*Task goal:* Restate every line below word for word, but drop each picture.

*Data shown:*

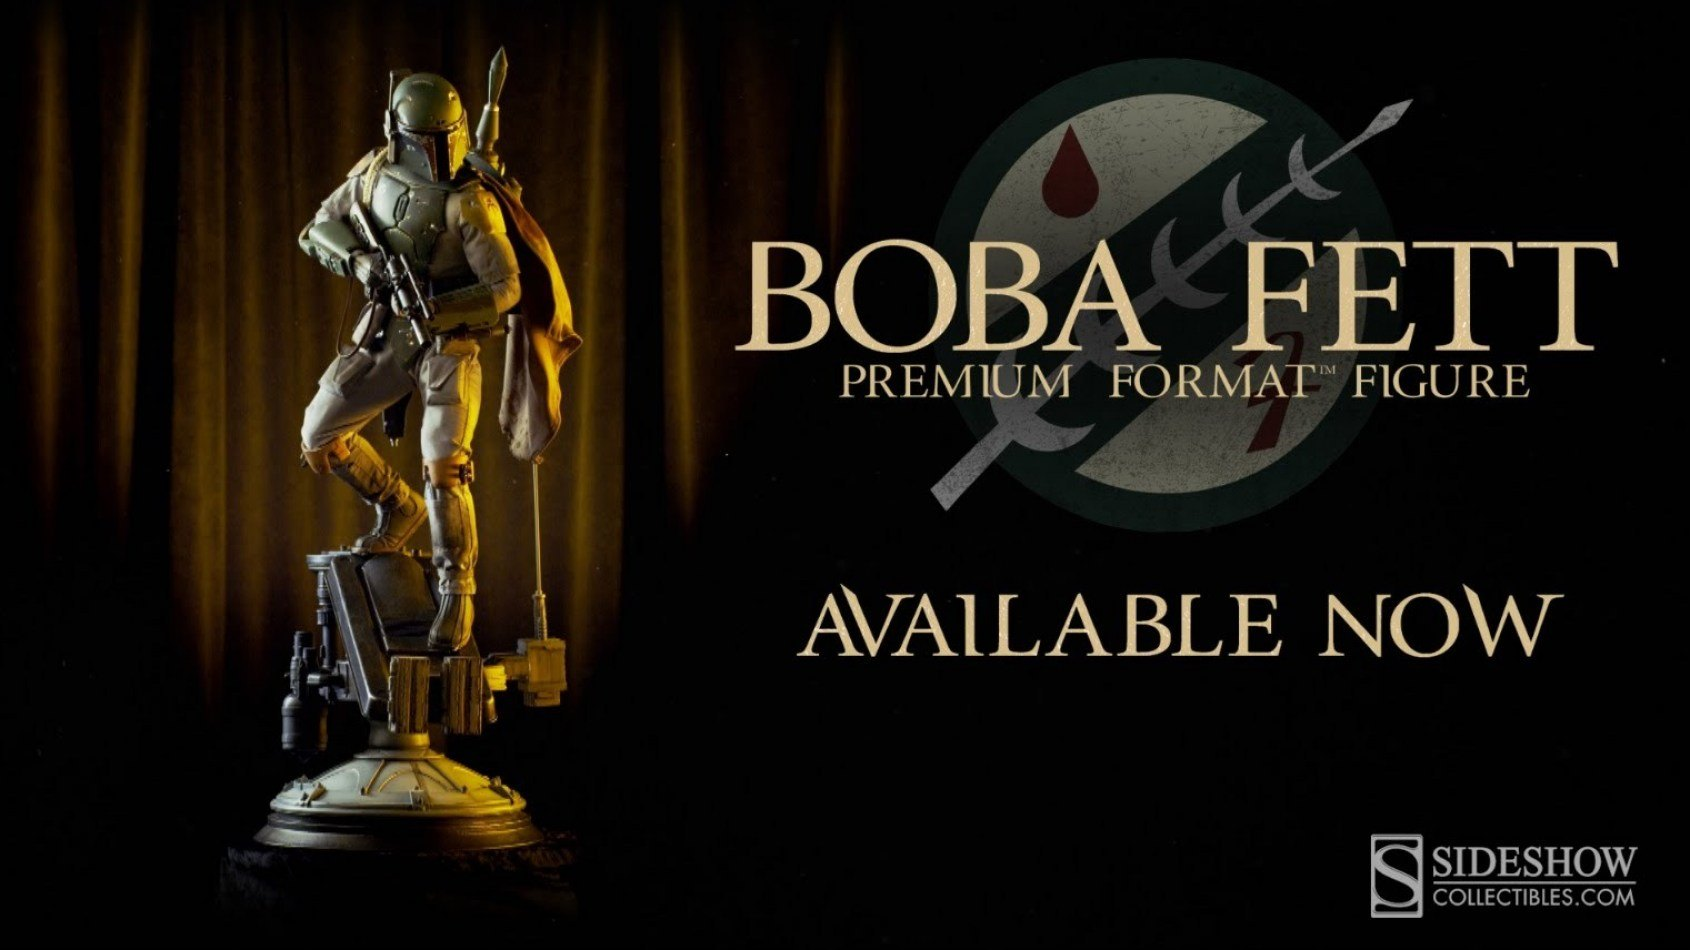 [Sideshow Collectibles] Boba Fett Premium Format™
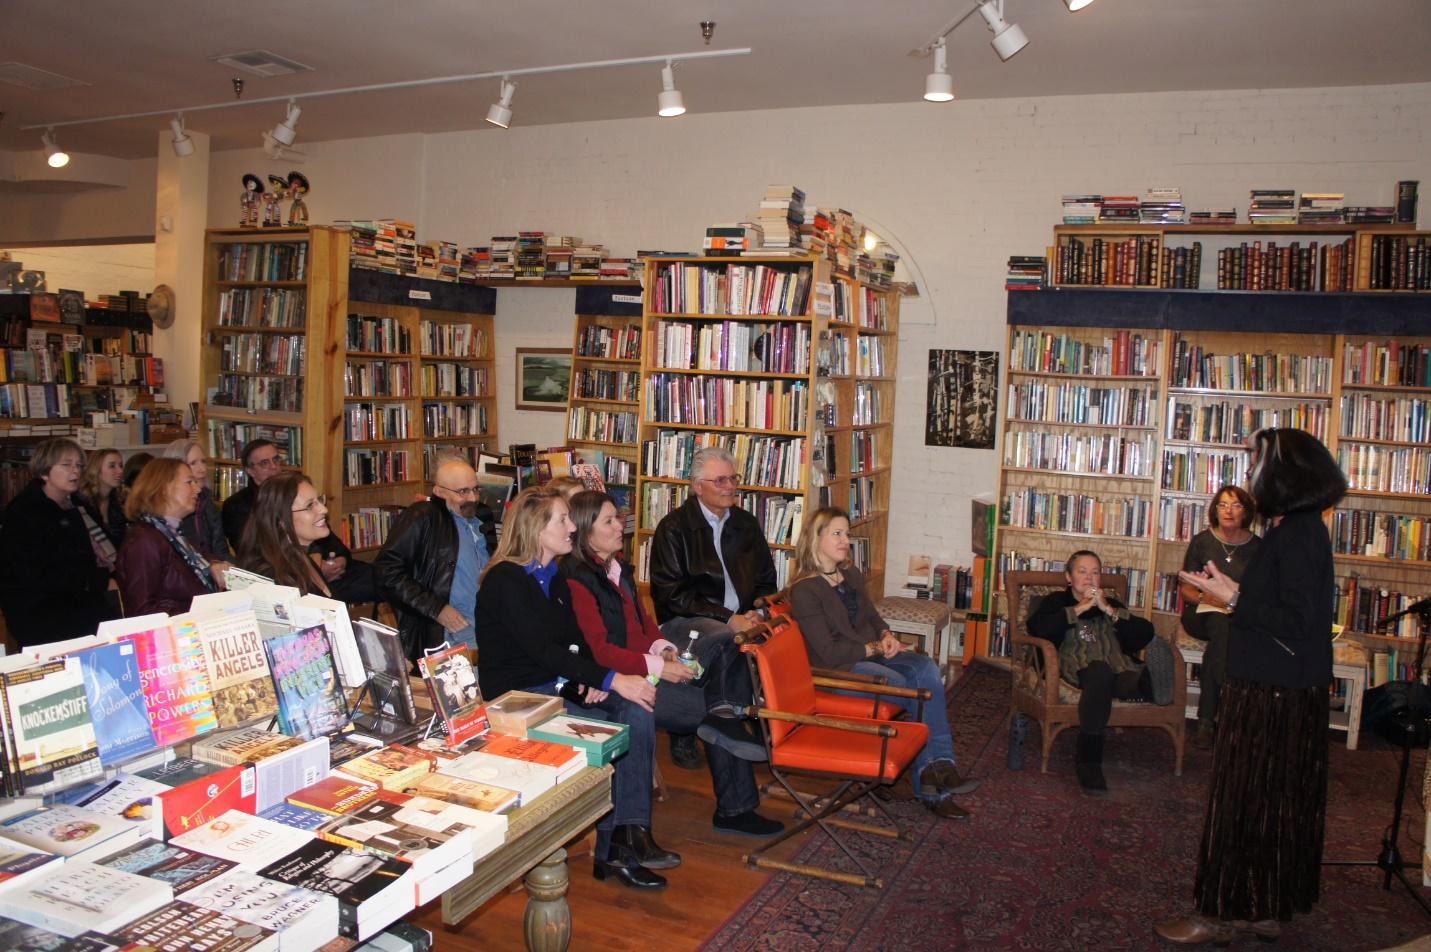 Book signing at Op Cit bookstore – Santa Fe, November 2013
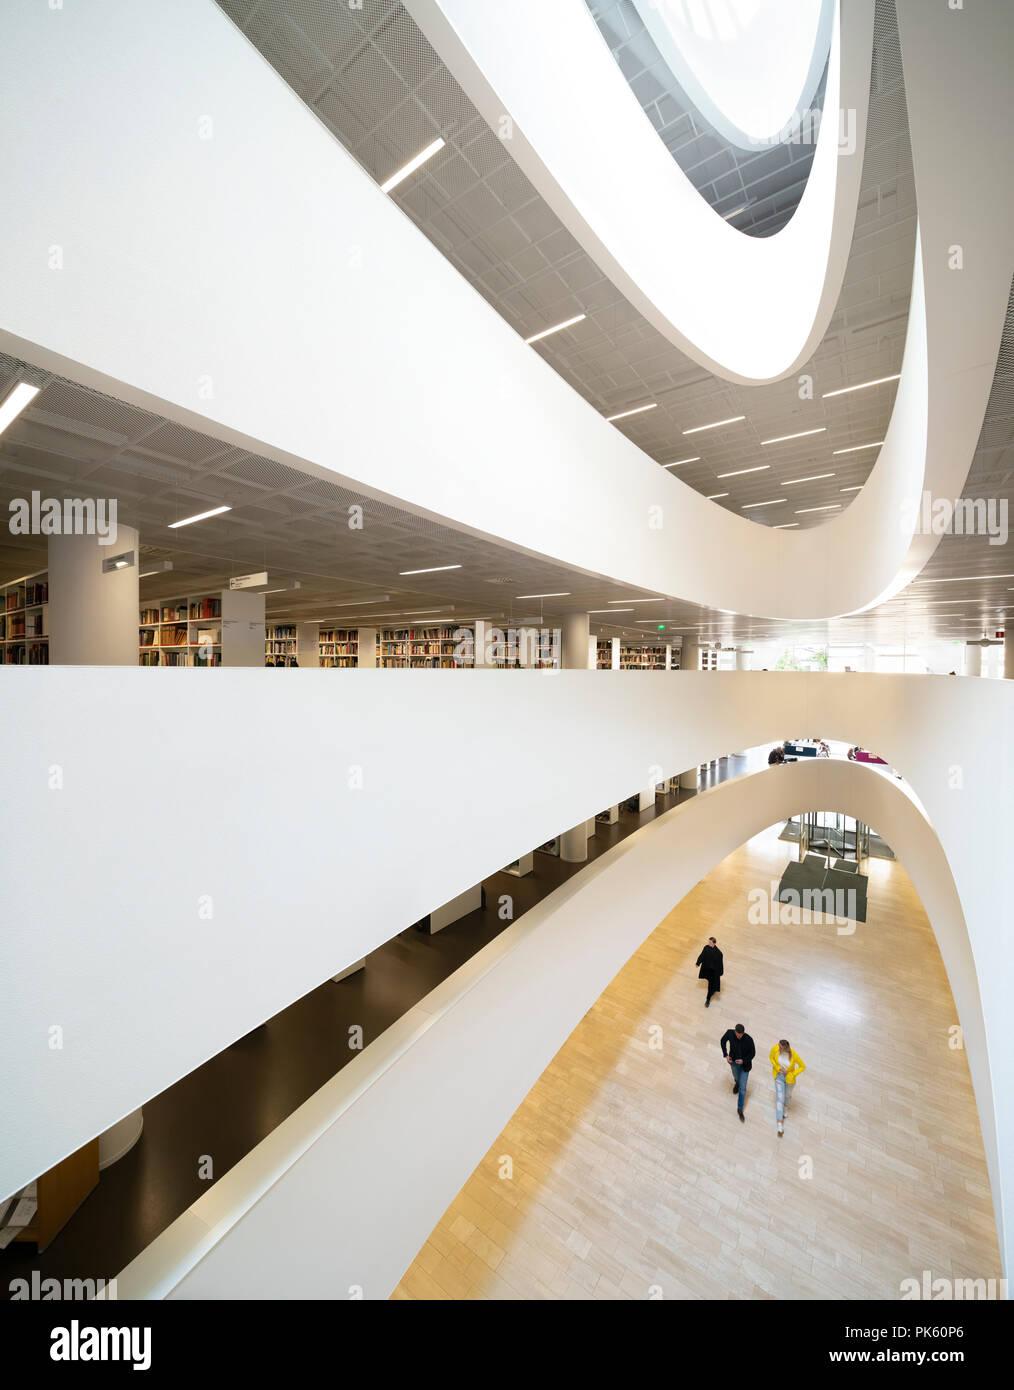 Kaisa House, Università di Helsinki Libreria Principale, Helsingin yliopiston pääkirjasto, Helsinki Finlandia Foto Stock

*Result for this task:*
 [Sideshow Collectibles] Boba Fett Premium Format™
 Book signing at Op Cit bookstore – Santa Fe, November 2013
 Kaisa House, Università di Helsinki Libreria Principale, Helsingin yliopiston pääkirjasto, Helsinki Finlandia Foto Stock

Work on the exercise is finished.